_BRIEF_
Copy the data exactly. Images are to be left out.

_MATERIAL PROVIDED_
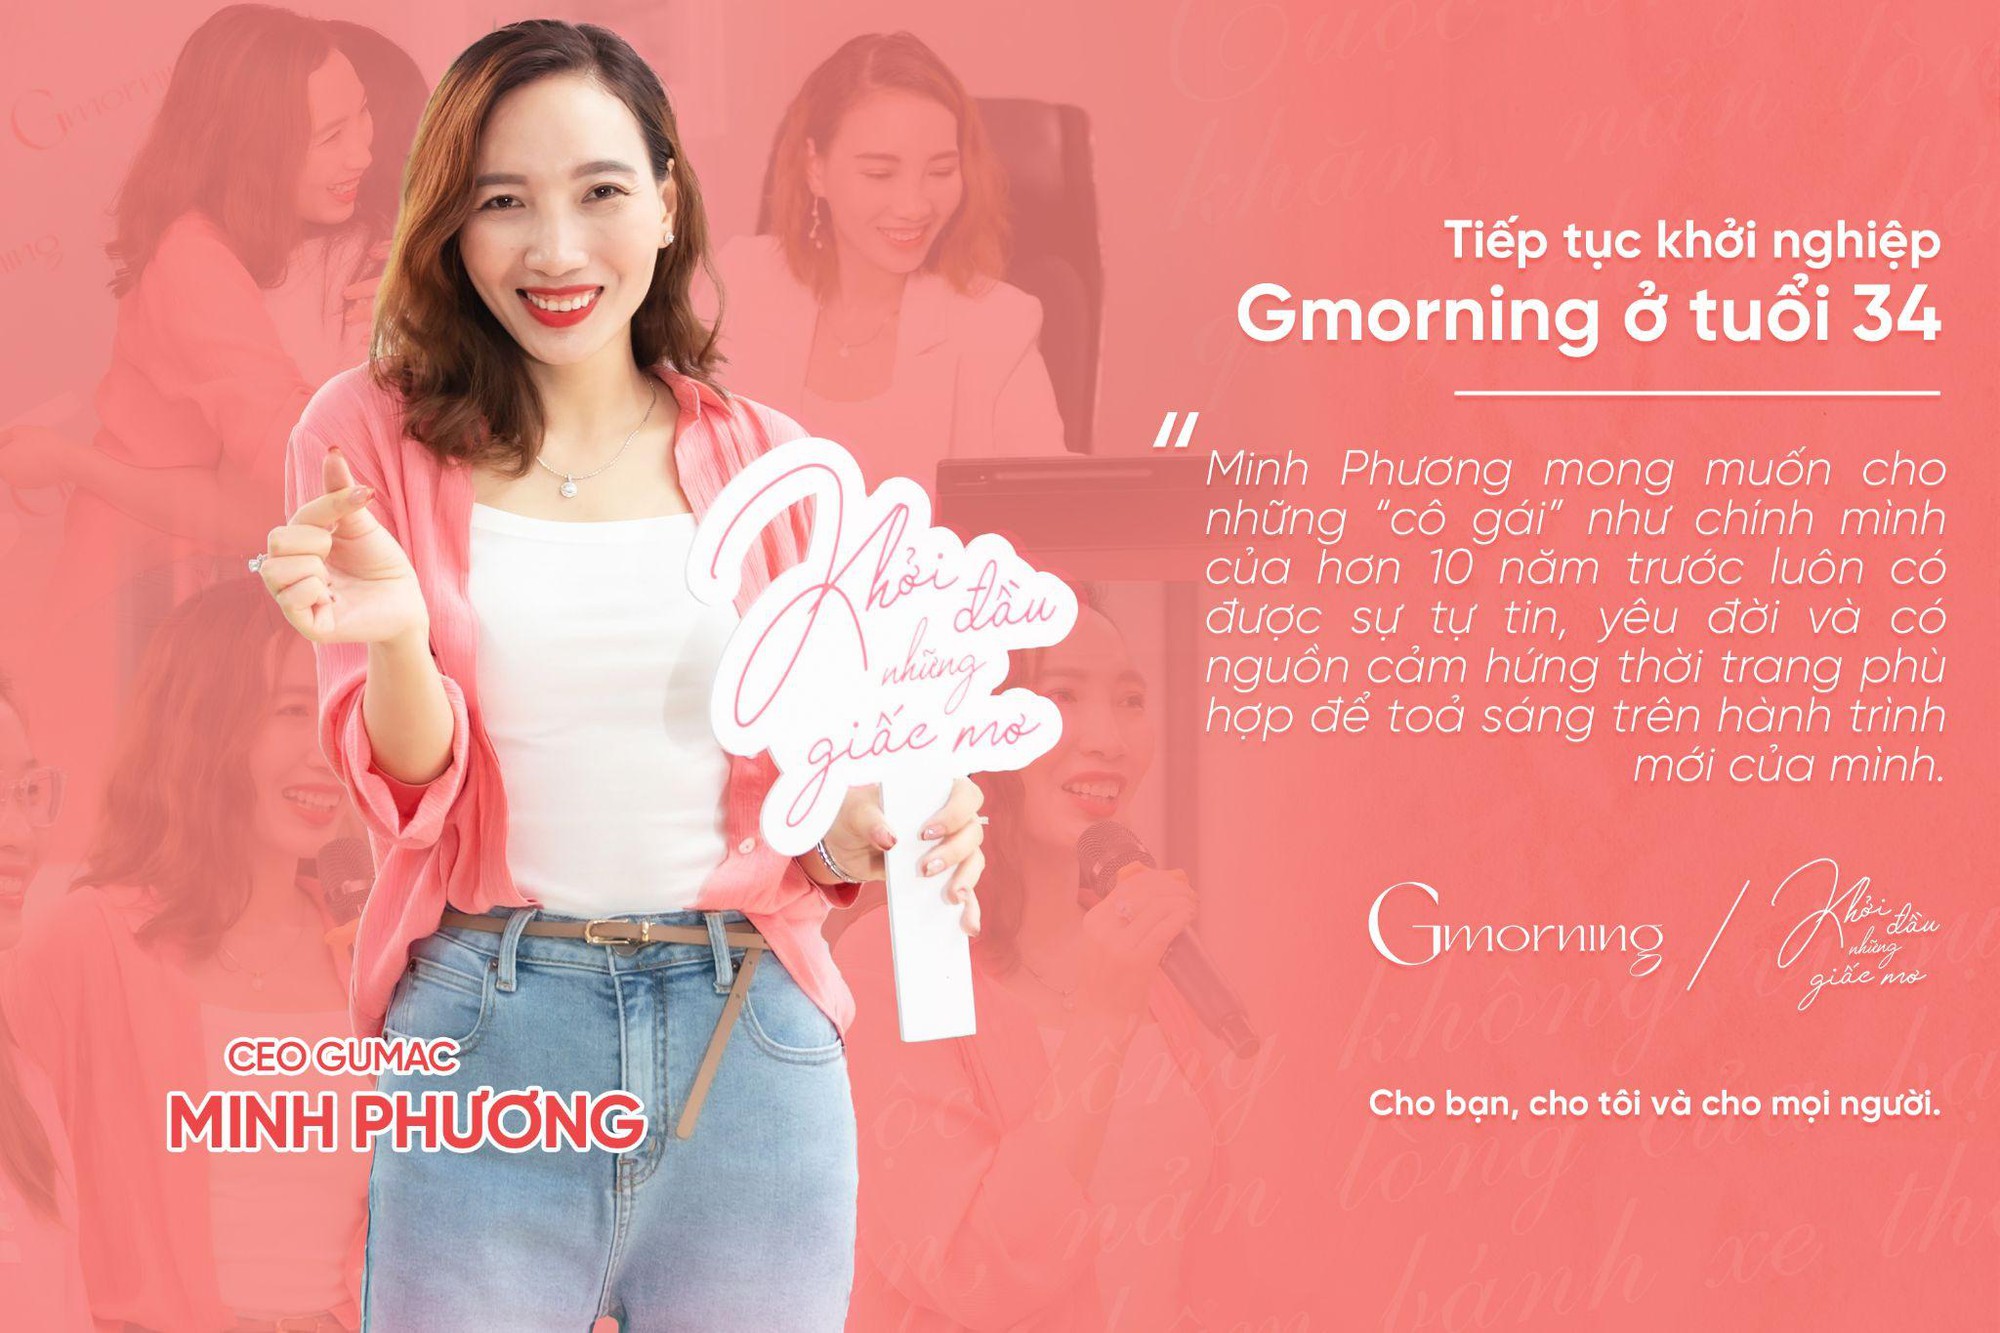 GUMAC ra mắt thương hiệu mới Gmorning hướng đến giới trẻ - Ảnh 1.
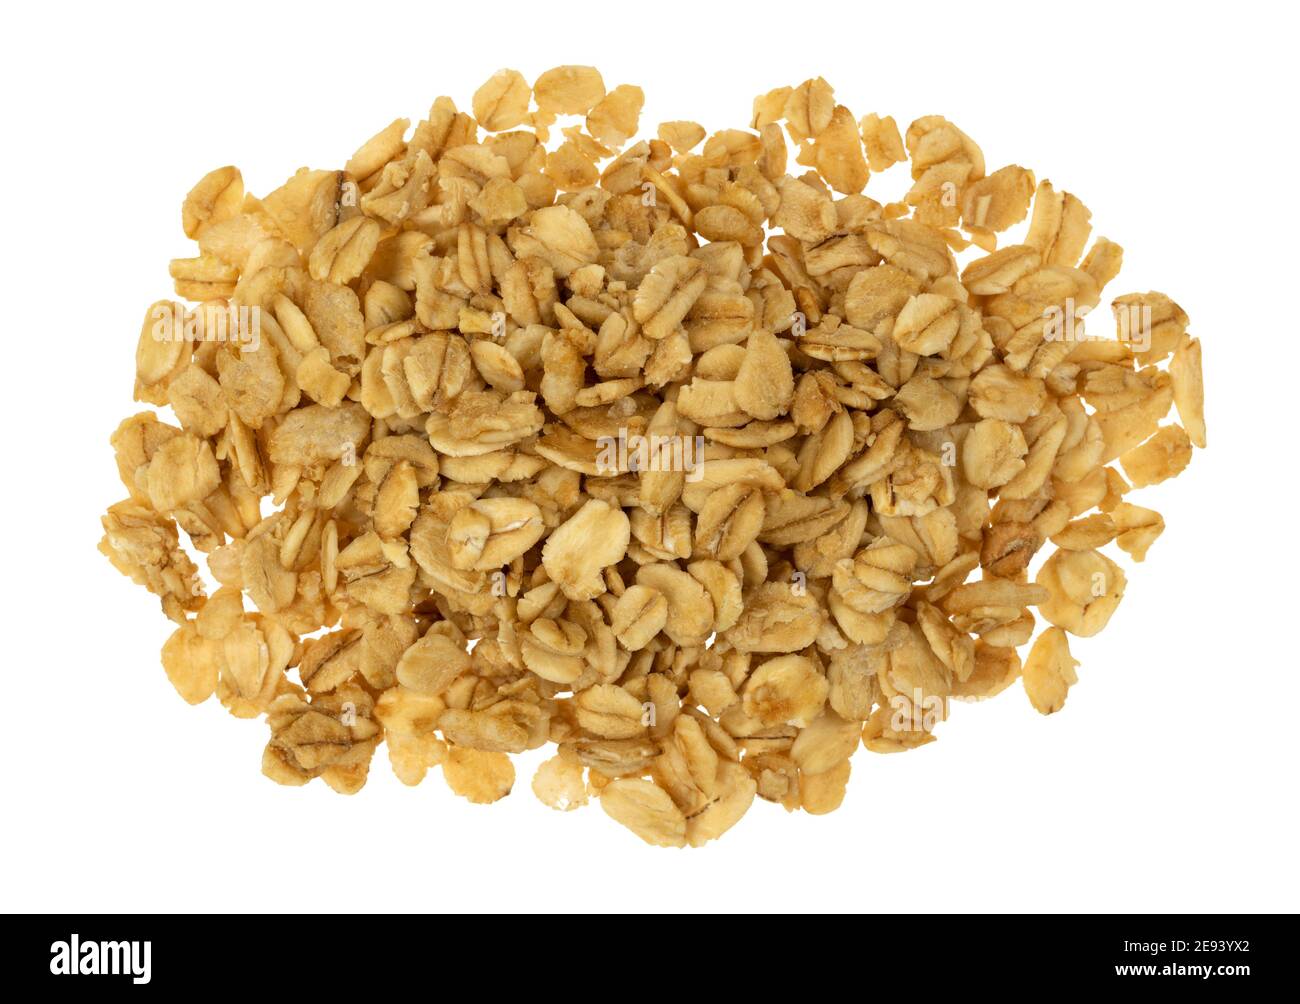 Vue de dessus d'une portion de granola d'avoine brune isolée sur fond blanc. Banque D'Images
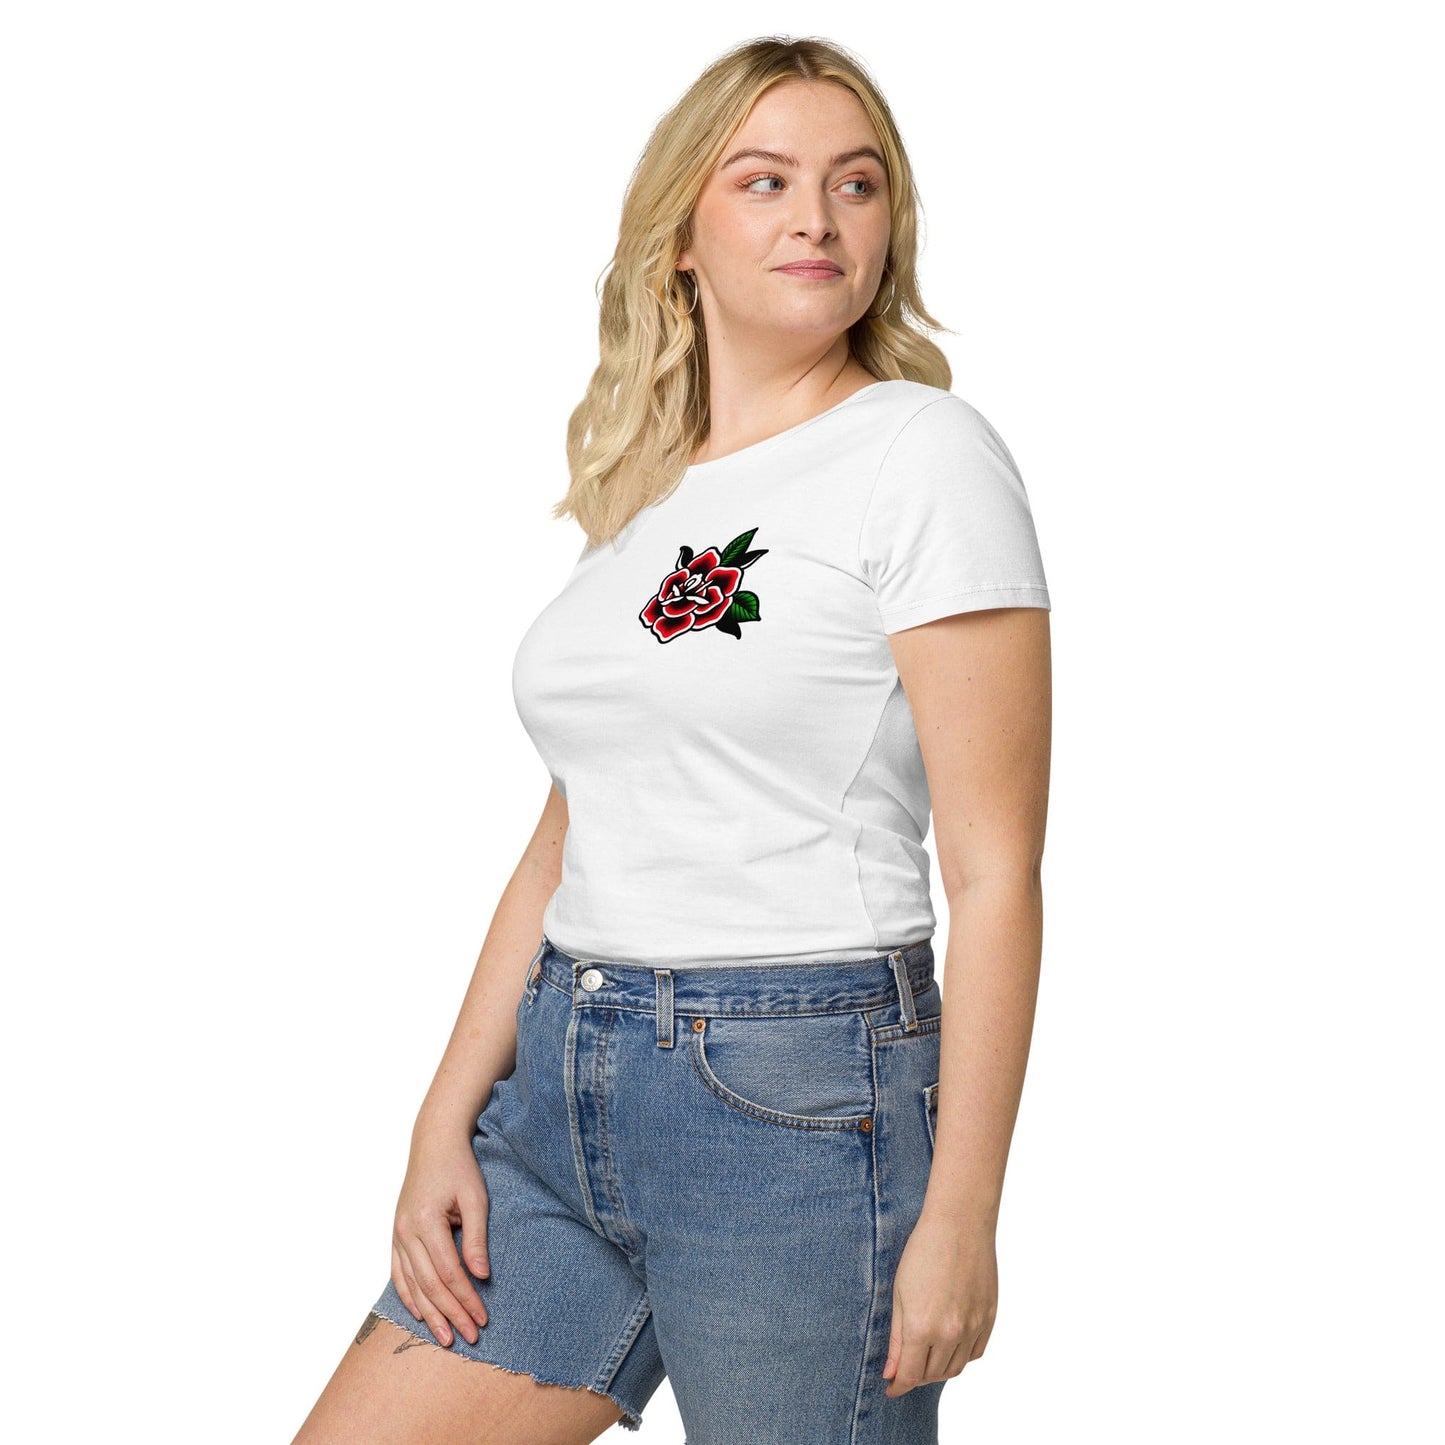 Women’s t-shirt "ROSE"
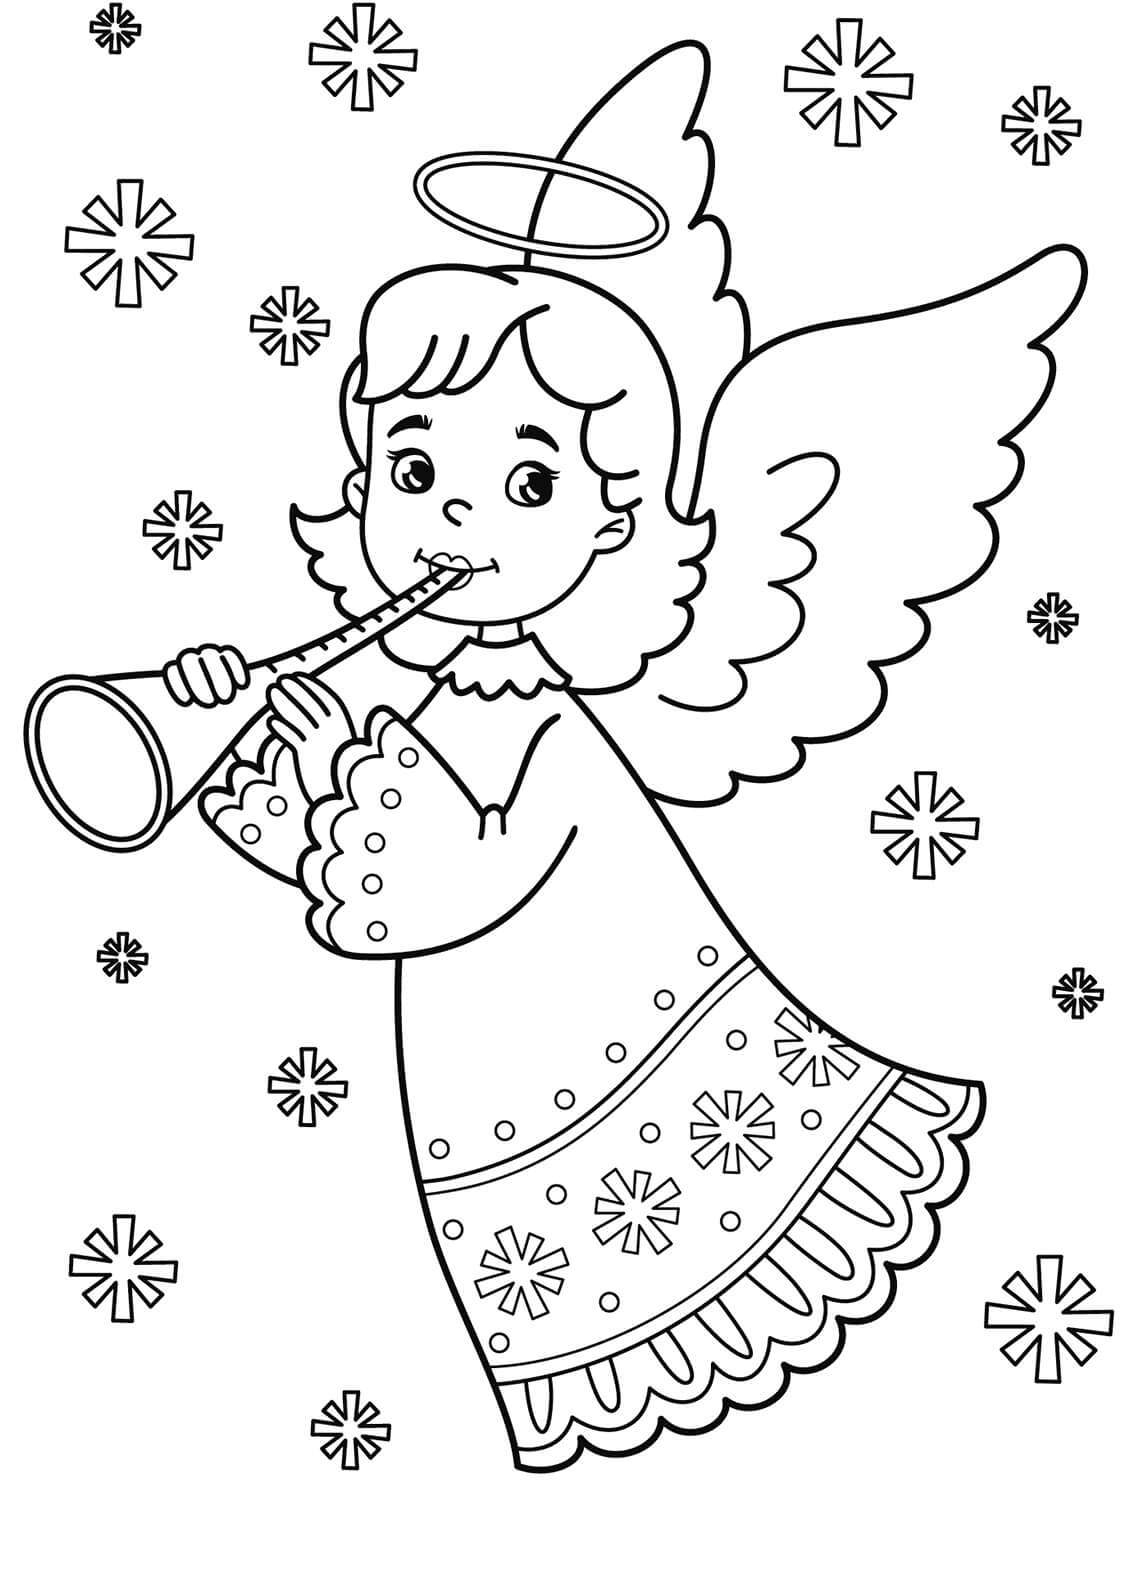 Ange Joue de La Trompette coloring page

_ANSWER TO THE EXERCISE_
 GUMAC ra mắt thương hiệu mới Gmorning hướng đến giới trẻ - Ảnh 1.
 Vue de dessus d'une portion de granola d'avoine brune isolée sur fond blanc. Banque D'Images
 Women’s t-shirt "ROSE"
 Ange Joue de La Trompette coloring page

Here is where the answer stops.